Acht Männer schwitzen an diesem Tag auf dem Rasen des Fußballplatzes. Einer von ihnen ist Holger Fingerle. Der 20-Jährige kämpft sonst für den TSV Dewangen in der Regionalliga und wurde im Jahr 2012 EM-Dritter in seiner Alters- und Gewichtsklasse. Für ihn ist das Aba-Ringen „ein guter Ausgleich zum üblichen Training“.

Im Winter ringen sie im Schnee

Der Trainer verlangt viel von seiner Truppe. Im Sommer kämpfen sie barfuß auf dem Rasen, im Winter ringen sie im Schnee. Doch das Training scheint sich auszuzahlen: Bei den internationalen Turnieren in der Türkei schnitt die deutsche Mannschaft in den vergangenen Jahren respektabel ab. Holger Fingerle konnte in einem seiner Kämpfe gegen einen der hoch bezahlten Profis aus der Türkei bestehen. „Ein unglaublicher Erfolg“, sagt sein Trainer. Doch Iflazolgu möchte nicht nur den sportlichen Erfolg mit seiner Mannschaft, er möchte die Sportart in Deutschland populärer machen. Zum zweiten Mal hat er daher ein Turnier organisiert. An diesem Wochenende findet es in Ludwigsburg statt. Der 32-Jährige hat ein internationales Teilnehmerfeld eingeladen, aus neun Nationen sollen die Athleten kommen. Iflazoglu hat Plakate gestaltet, drucken lassen und verteilt, die Hotels für Betreuer und Athleten gebucht und die Flüge organisiert. Er ist nicht nur Trainer, sondern auch Veranstalter und Manager.

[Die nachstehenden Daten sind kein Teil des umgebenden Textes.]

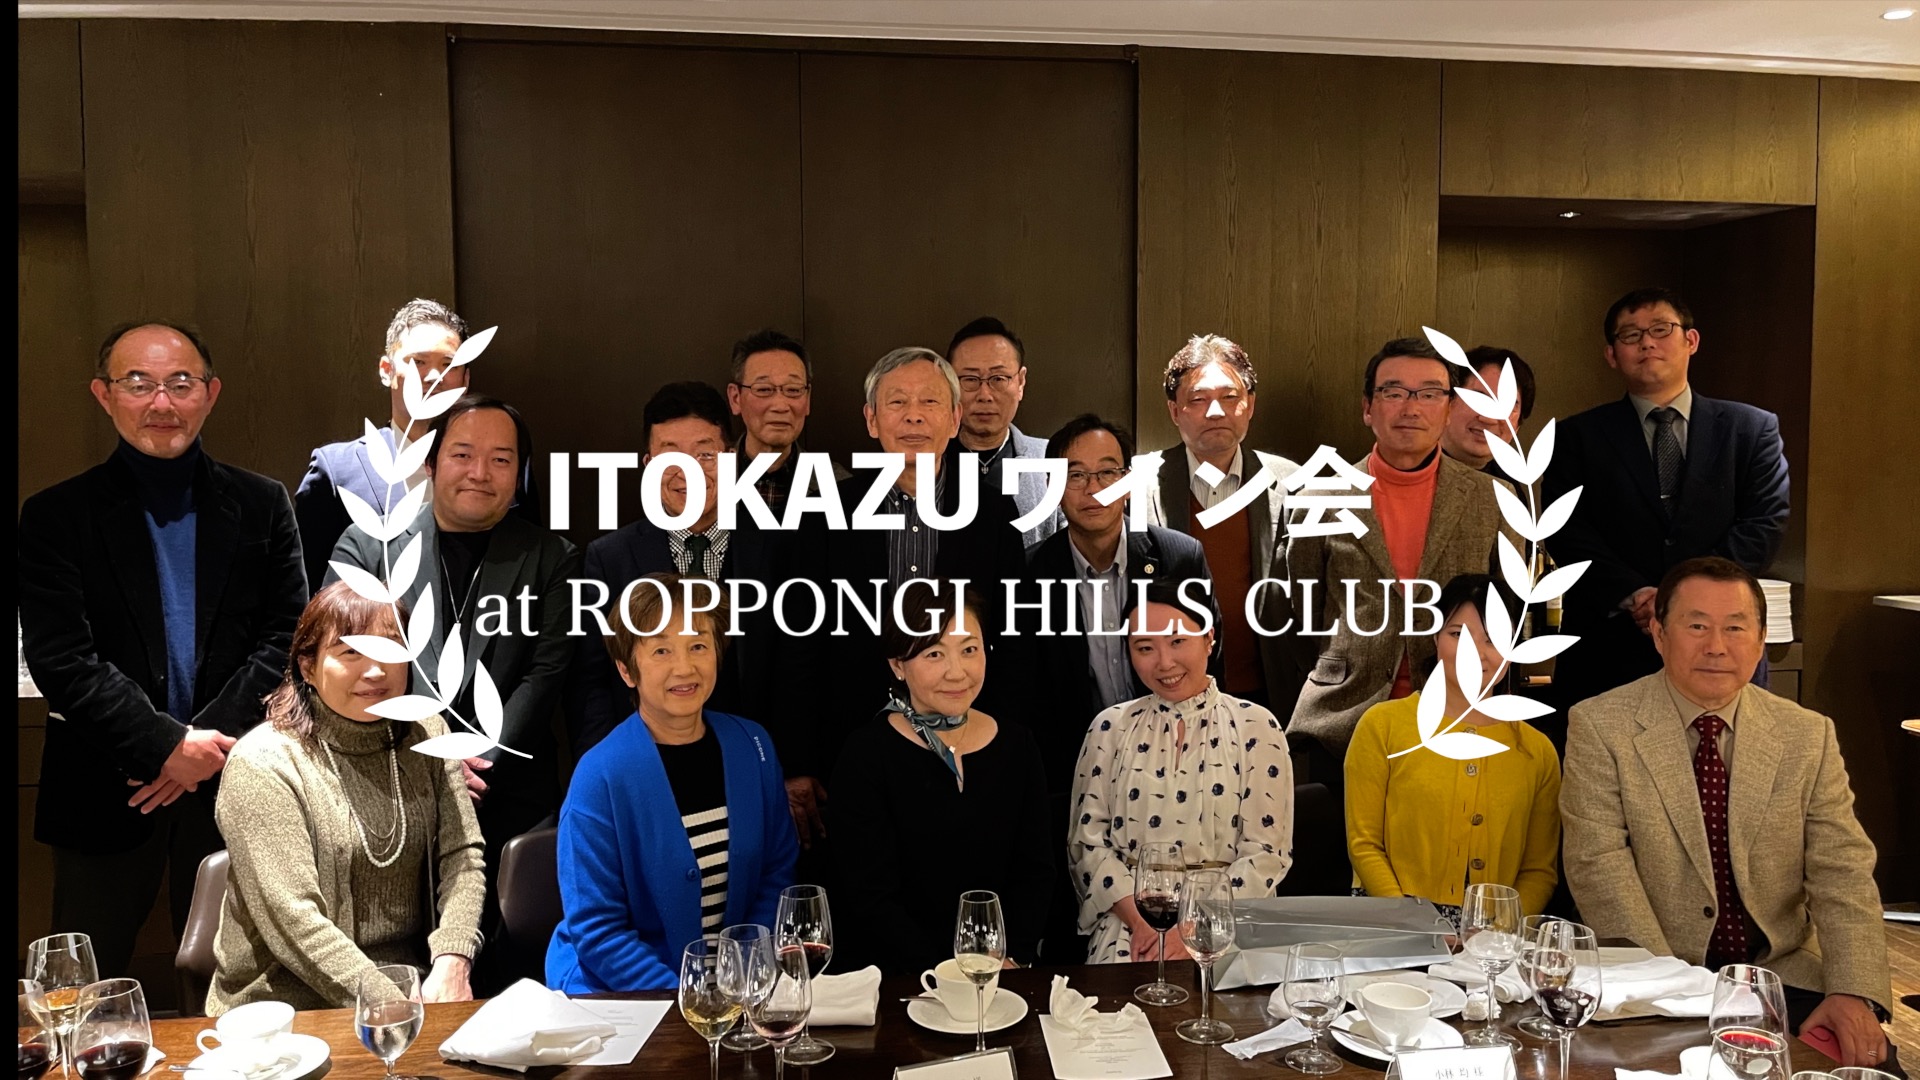 2月25日に開催された「ITOKAZUワイン会」のプロモーションビデオを公開しました。

Als Sportlehrer arbeitet er schon lange nicht mehr, sein Gehalt bekommt er von einer internationalen Föderation, die den traditionellen Ringsport weltweit vertritt. Seine Motivation, sagt Iflazoglu, sei aber nicht das Geld. Er wolle vielmehr Anerkennung für seinen Sport. Er träumt davon, dass mehr Zuschauer zu den Turnieren kommen, dass mehr Medien über die Kämpfe berichten, dass weitere Sponsoren aufmerksam werden. Seine besten Athleten, so hofft er, sollen irgendwann von ihrem Sport auch leben können.